All proposed terms and conditions for Lease Sale 225 will be finalized when the Final Notice of Sale is published at least 30 days prior to the Sale.

The Notice of Availability of the Proposed Notice of Sale can be viewed today in the Federal Register at: www.archives.gov/federal-register/public-inspection/index.html. Proposed terms and conditions for the sale are fully explained in a new streamlined format, available at: www.boem.gov/Sale-225/.

CD’s of the sale package as well as hard copies of the maps can be requested from the Gulf of Mexico Region’s Public Information Office at 1201 Elmwood Park Boulevard, New Orleans, LA 70123, or at 800-200-GULF (4853).

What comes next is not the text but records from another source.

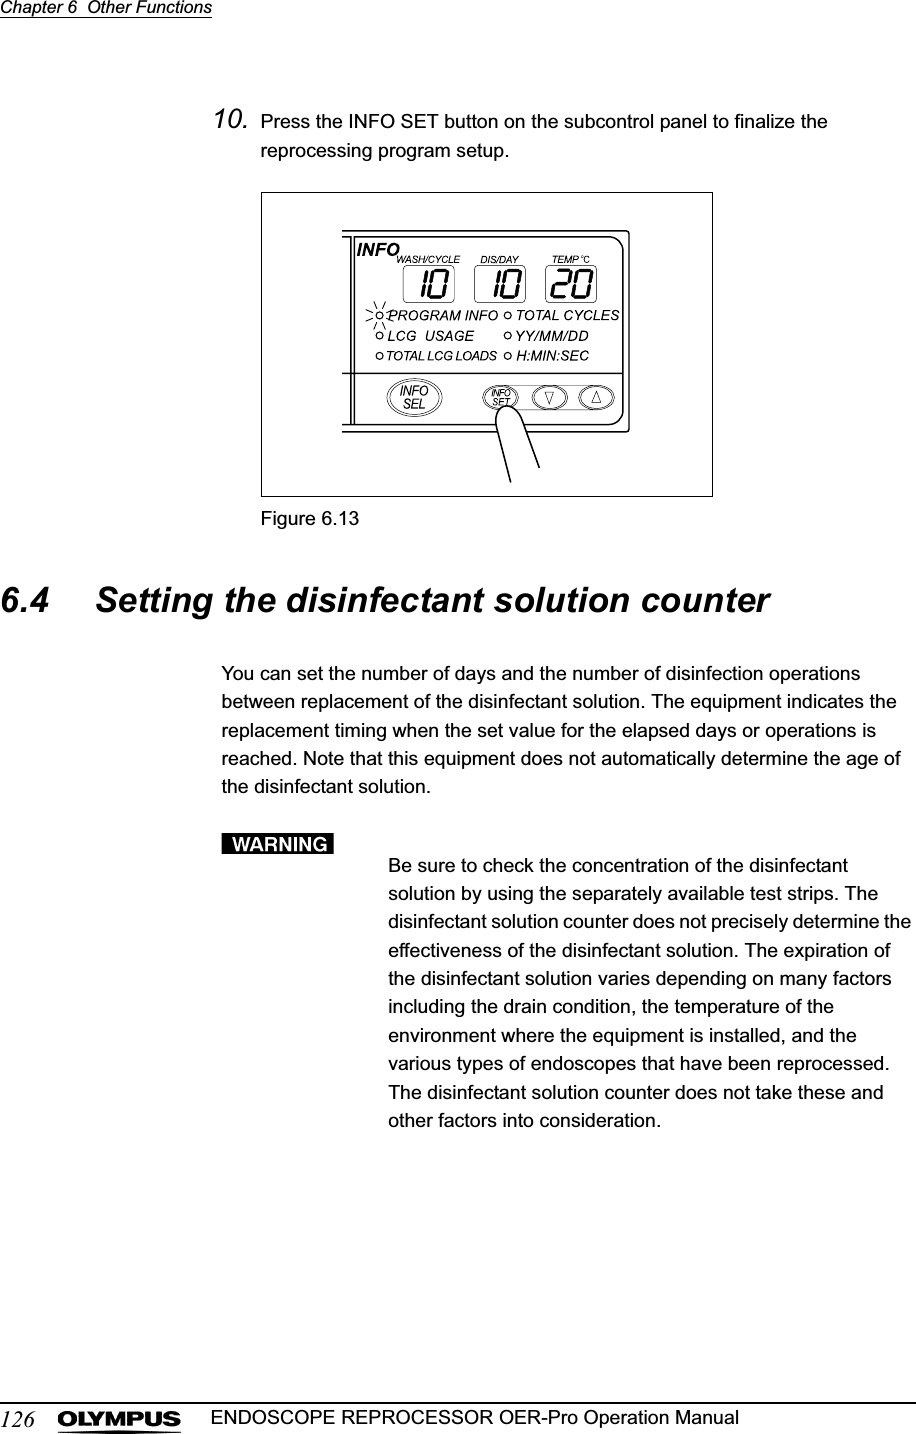 126Chapter 6  Other FunctionsENDOSCOPE REPROCESSOR OER-Pro Operation Manual10. Press the INFO SET button on the subcontrol panel to finalize the reprocessing program setup.Figure 6.136.4 Setting the disinfectant solution counterYou can set the number of days and the number of disinfection operations between replacement of the disinfectant solution. The equipment indicates the replacement timing when the set value for the elapsed days or operations is reached. Note that this equipment does not automatically determine the age of the disinfectant solution.Be sure to check the concentration of the disinfectant solution by using the separately available test strips. The disinfectant solution counter does not precisely determine the effectiveness of the disinfectant solution. The expiration of the disinfectant solution varies depending on many factors including the drain condition, the temperature of the environment where the equipment is installed, and the various types of endoscopes that have been reprocessed. The disinfectant solution counter does not take these and other factors into consideration.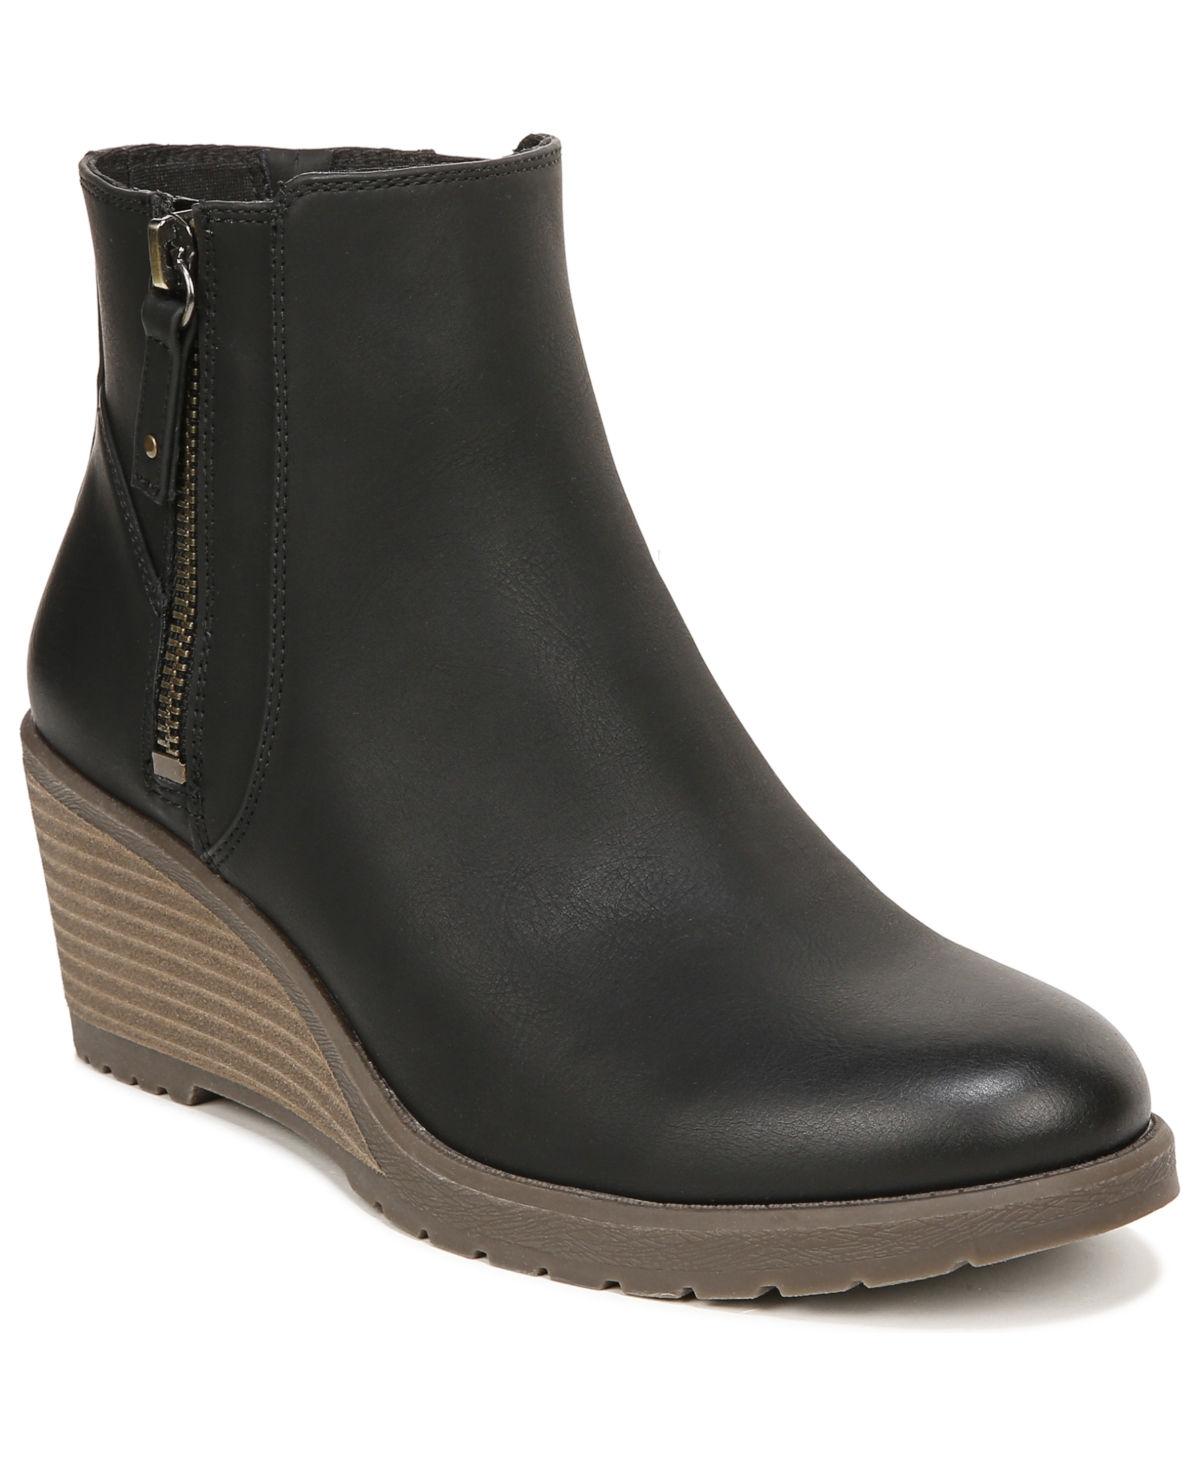 Dr. Scholl's Women's Chloe Wedge Booties In Black Faux Leather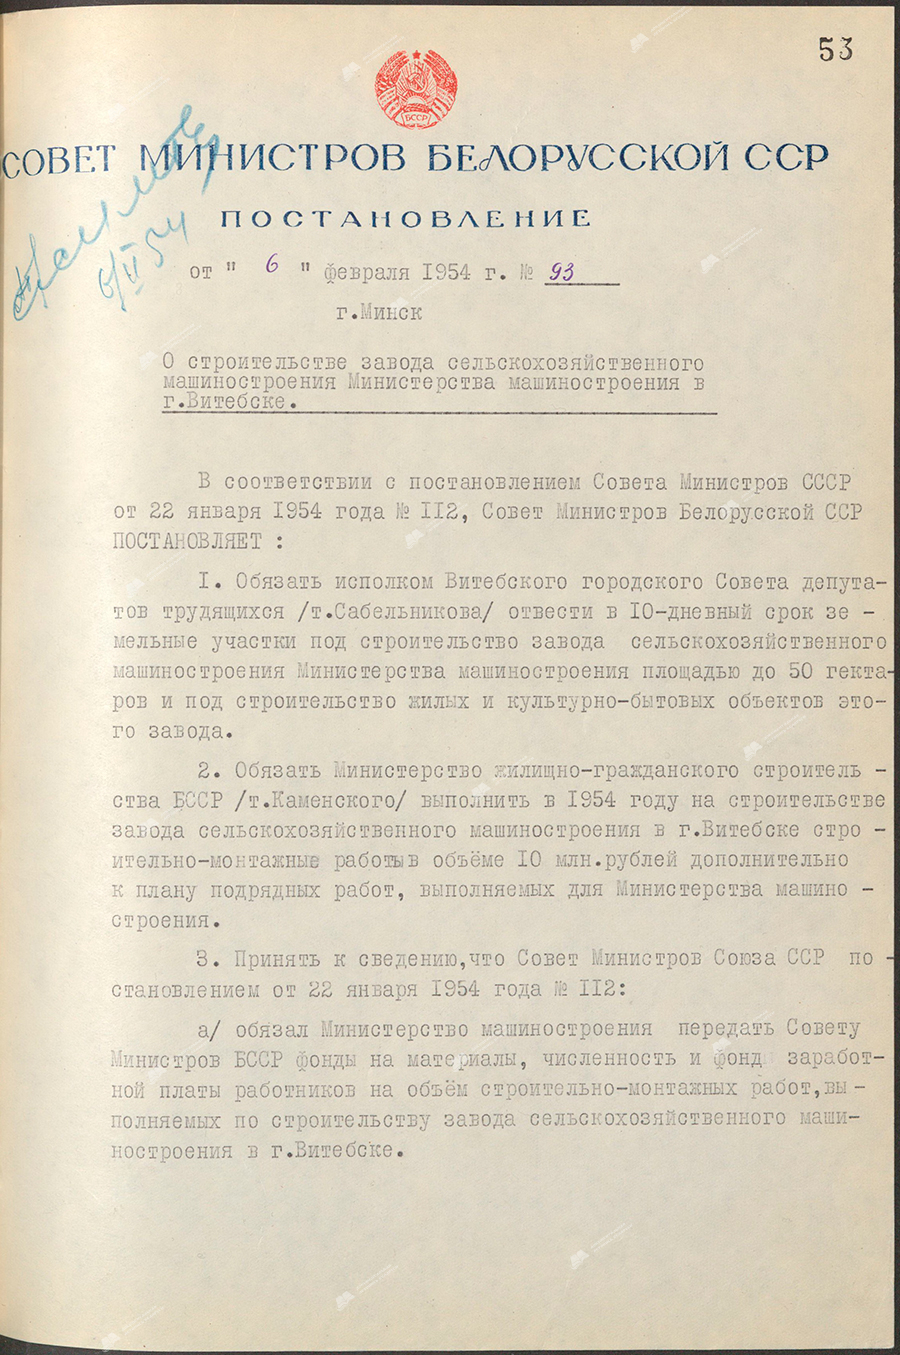 Resolution No. 93 of the Council of Ministers of the Byelorussian SSR «On the construction of an agricultural machinery plant of the Ministry of Mechanical Engineering in Vitebsk»-с. 0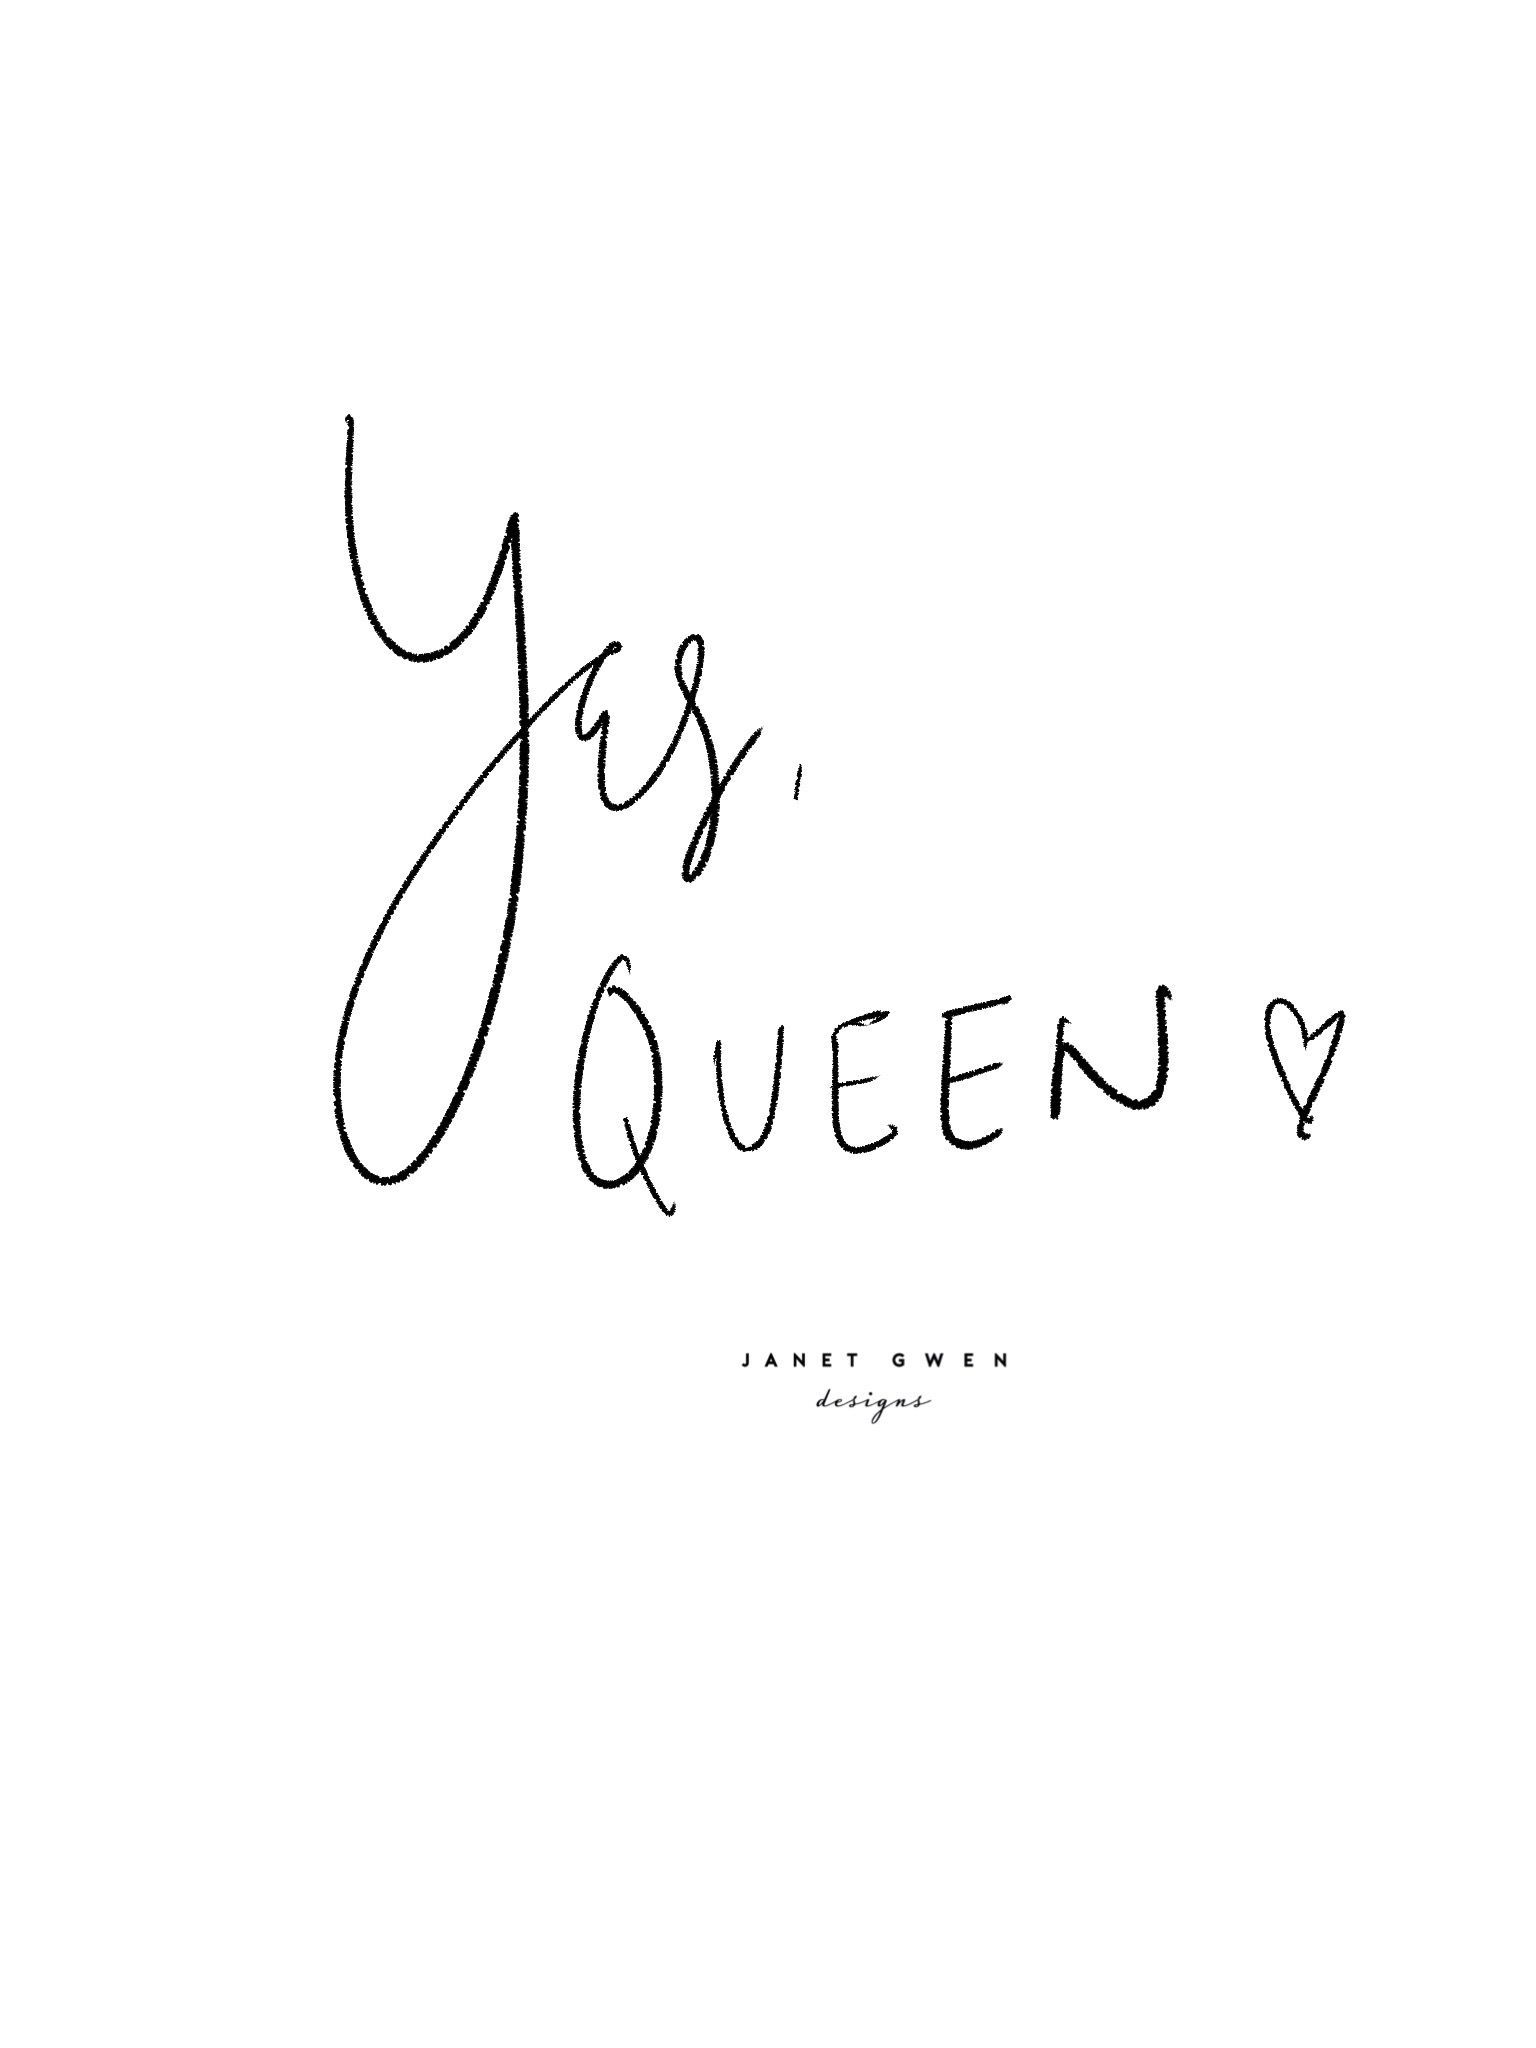 Queen Quotes Wallpaper Free Queen Quotes Background

The Gulf of Mexico contributes about 25 percent of U.S. domestic oil and 11 percent of domestic gas production, providing the bulk of the $14.2 billion in mineral revenue disbursed to Federal, state and American Indian accounts from onshore and offshore energy revenue collections in Fiscal Year 2013. That was a 17 percent increase over FY 2012 disbursements of $12.15 billion, due primarily to $2.77 billion in bonus bids received for new oil and gas leases in the Gulf of Mexico

The 2012-2017 Five Year Program offers nearly 219 million acres on the U.S. Outer Continental Shelf for lease, making all areas of the OCS with the highest oil and gas resource potential available for exploration and development. The plan includes up to 15 lease sales in the Gulf of Mexico and Alaska. The first three sales under the Five Year Program offered more than 79 million acres for development and garnered $1.4 billion in high bids.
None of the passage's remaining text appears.